___ Dataset section

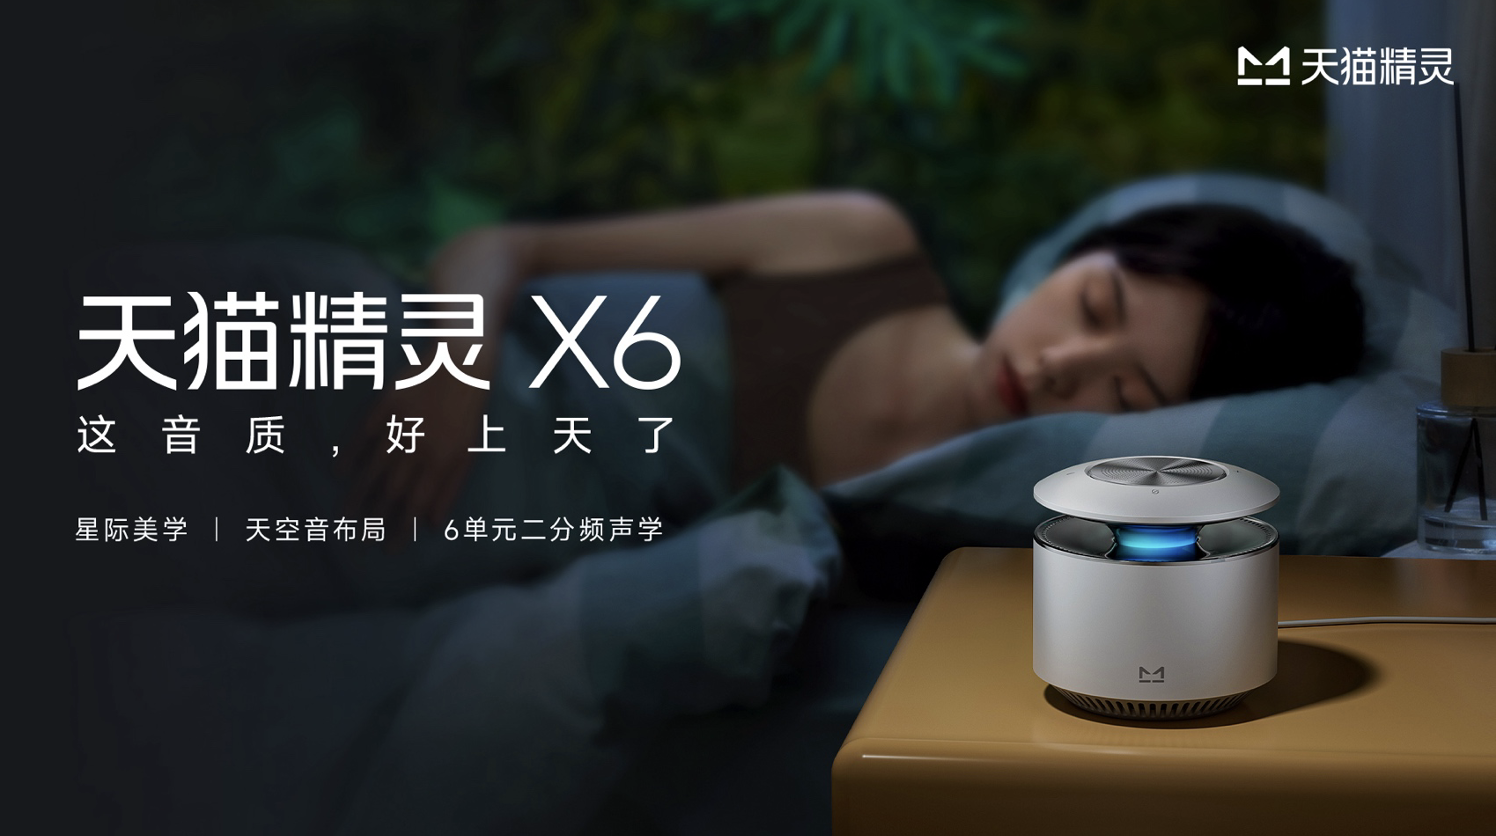 天猫精灵携全球品牌代言人周深发布 X6智能音箱
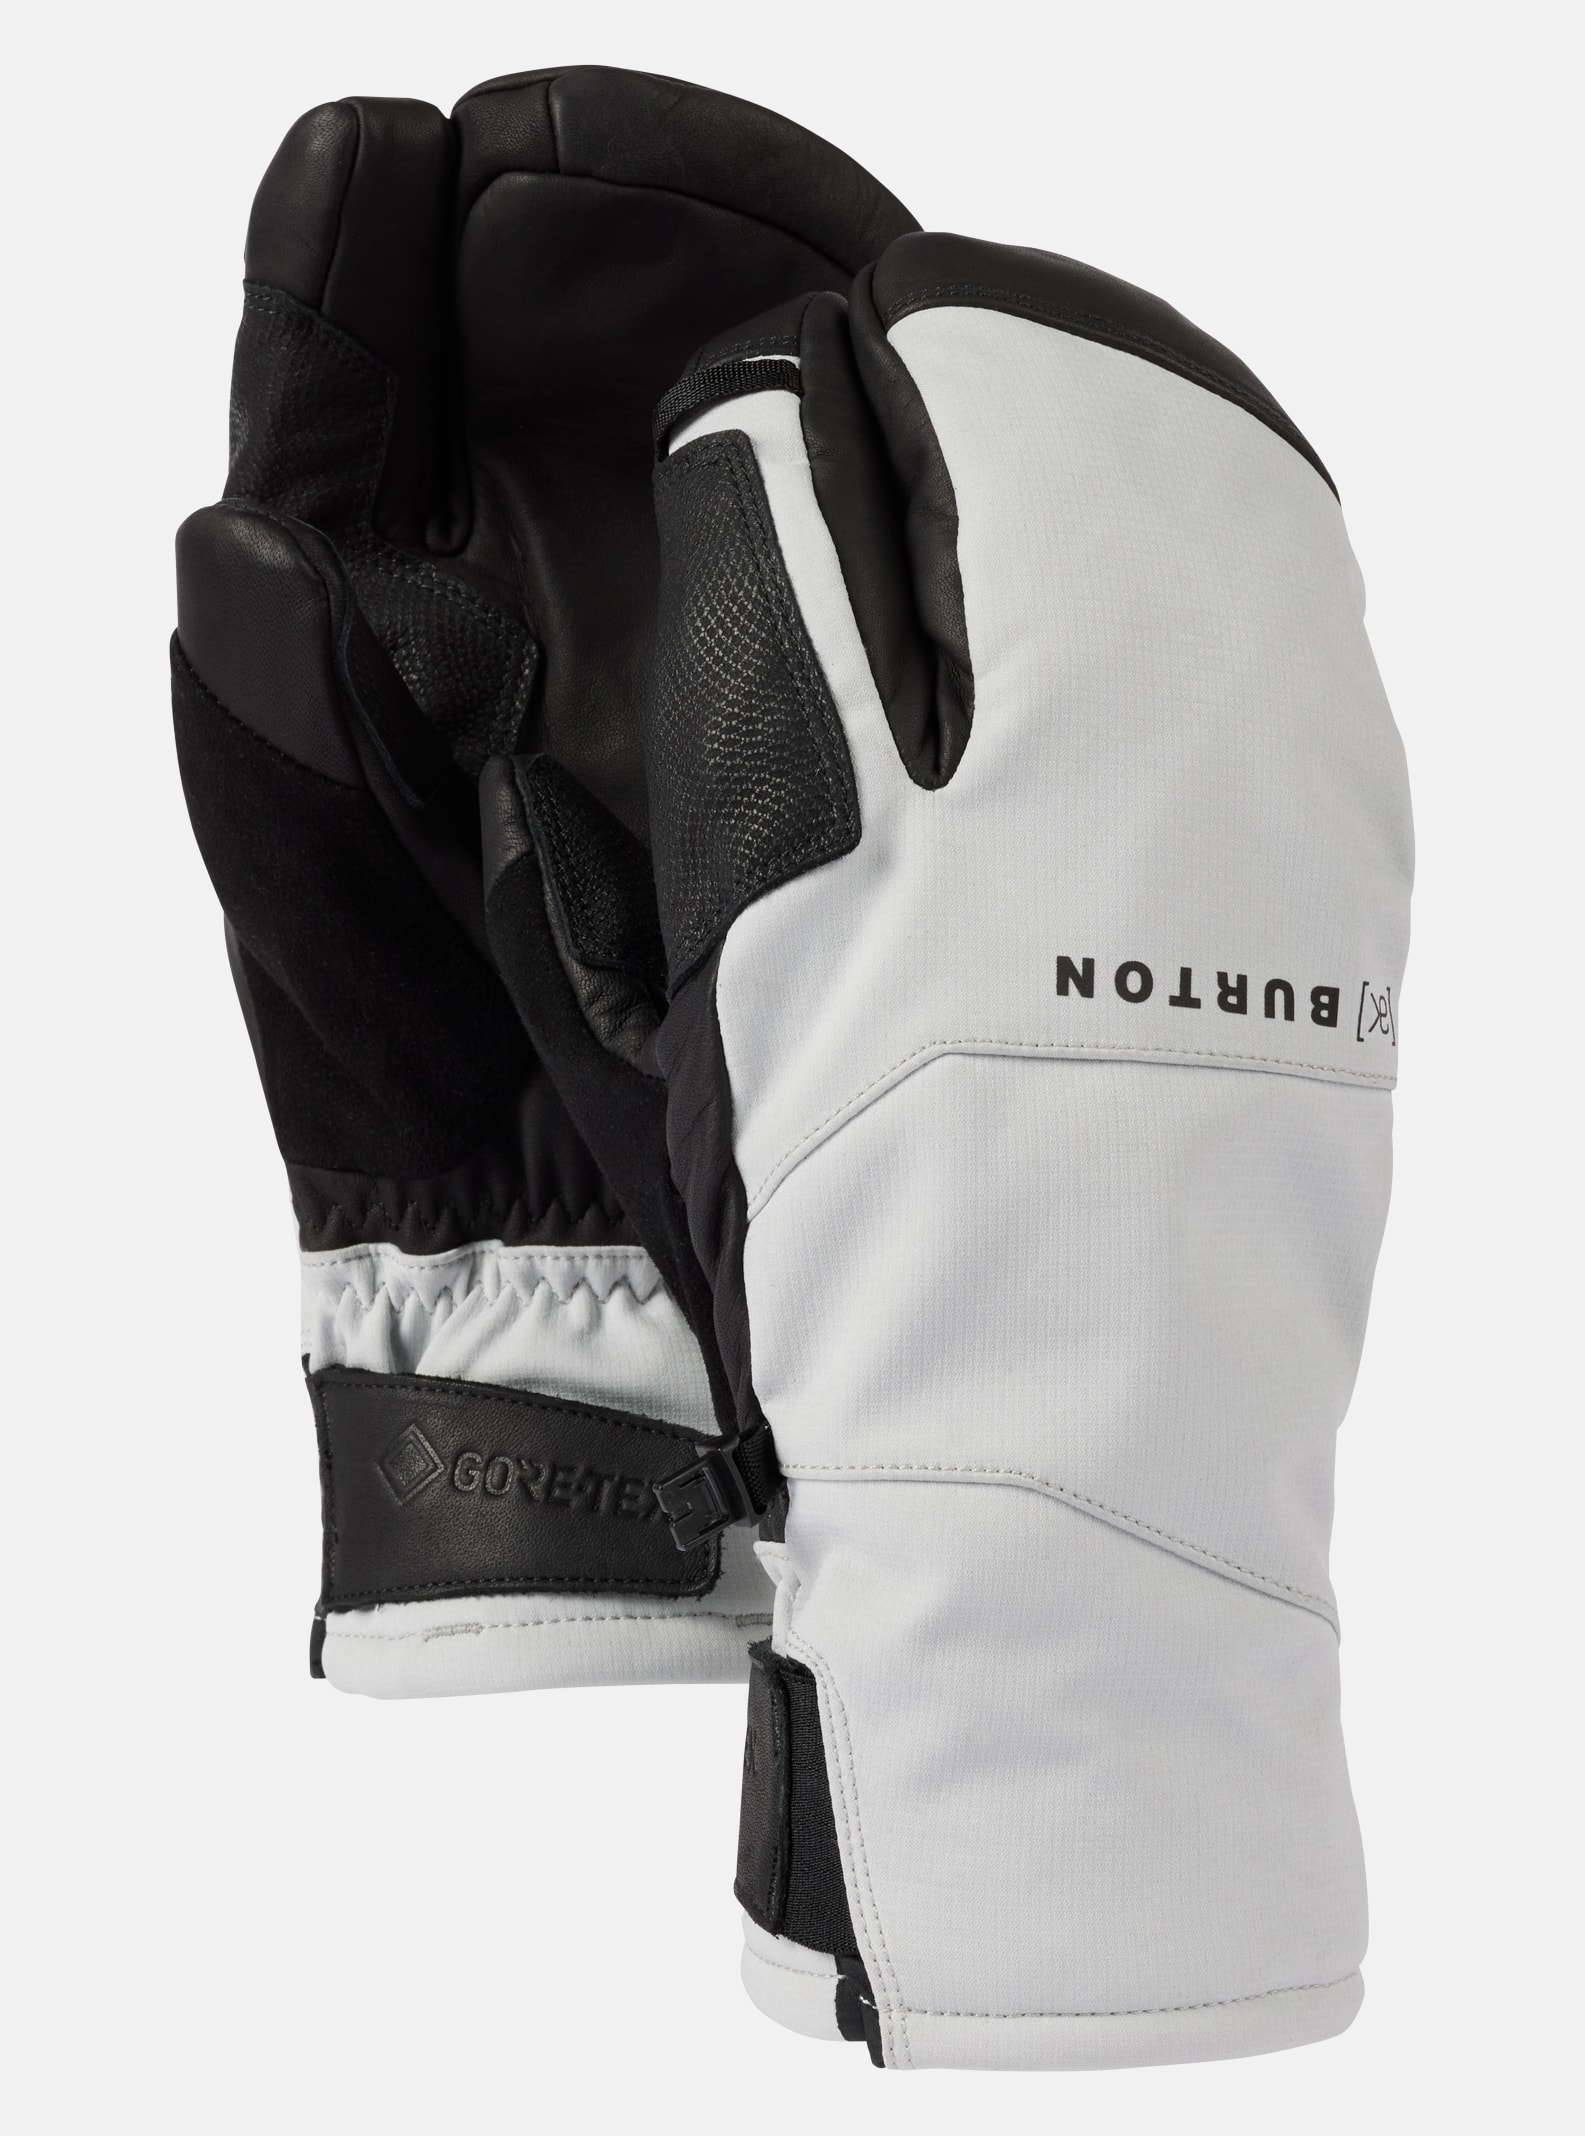 Men's Gloves & Mittens | Burton Snowboards CA
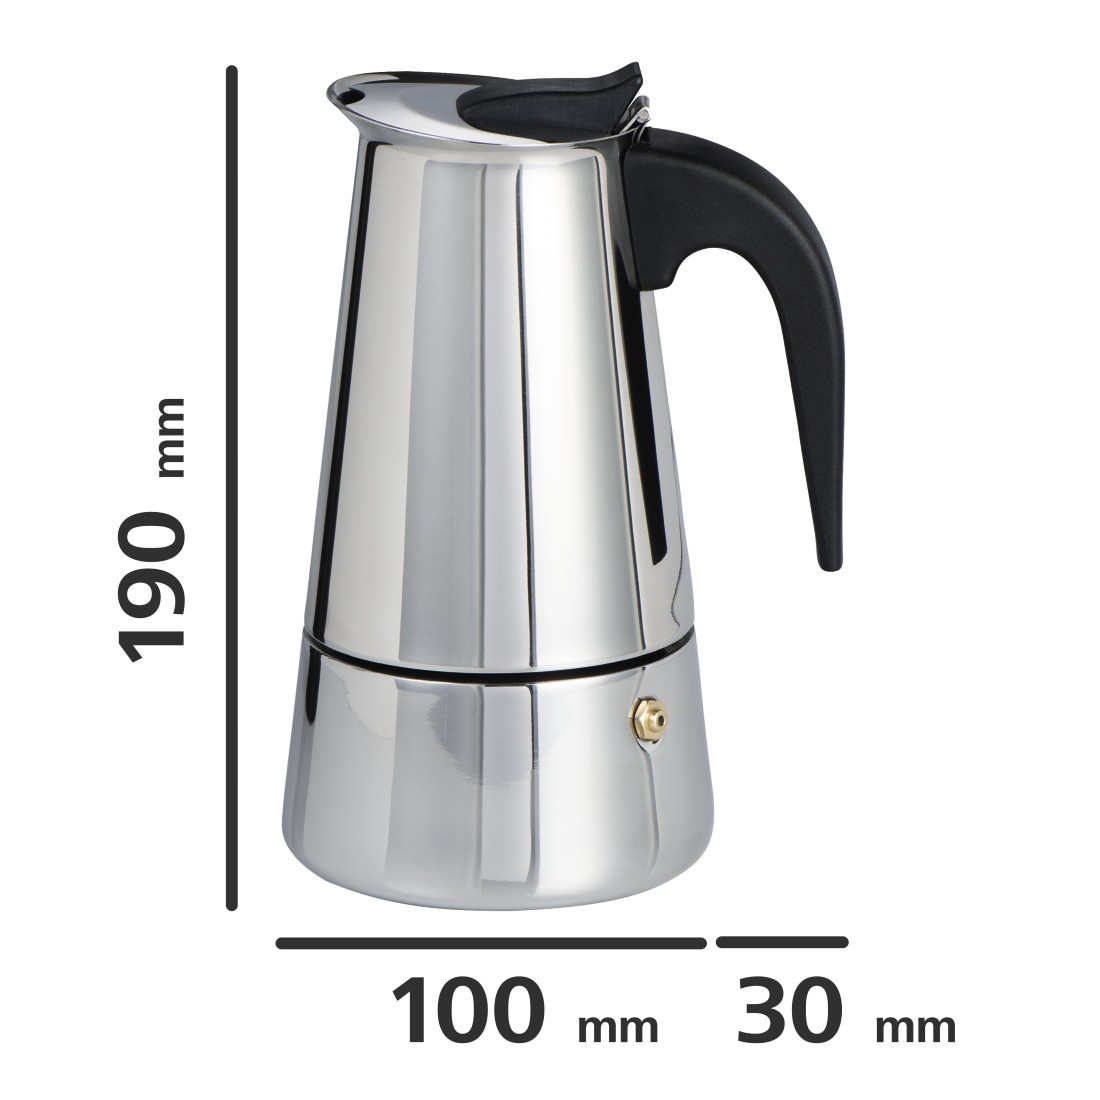 dex3 Druckfähiges Detail 3 - Xavax, Espressokocher aus Edelstahl, 250 ml, geeignet für Induktion

______

## What you will do
Output a verbatim copy of the lines from the line containing "Men's Gloves &" through the end of the data, both included, without any images.

## Solution
 Men's Gloves & Mittens | Burton Snowboards CA
 dex3 Druckfähiges Detail 3 - Xavax, Espressokocher aus Edelstahl, 250 ml, geeignet für Induktion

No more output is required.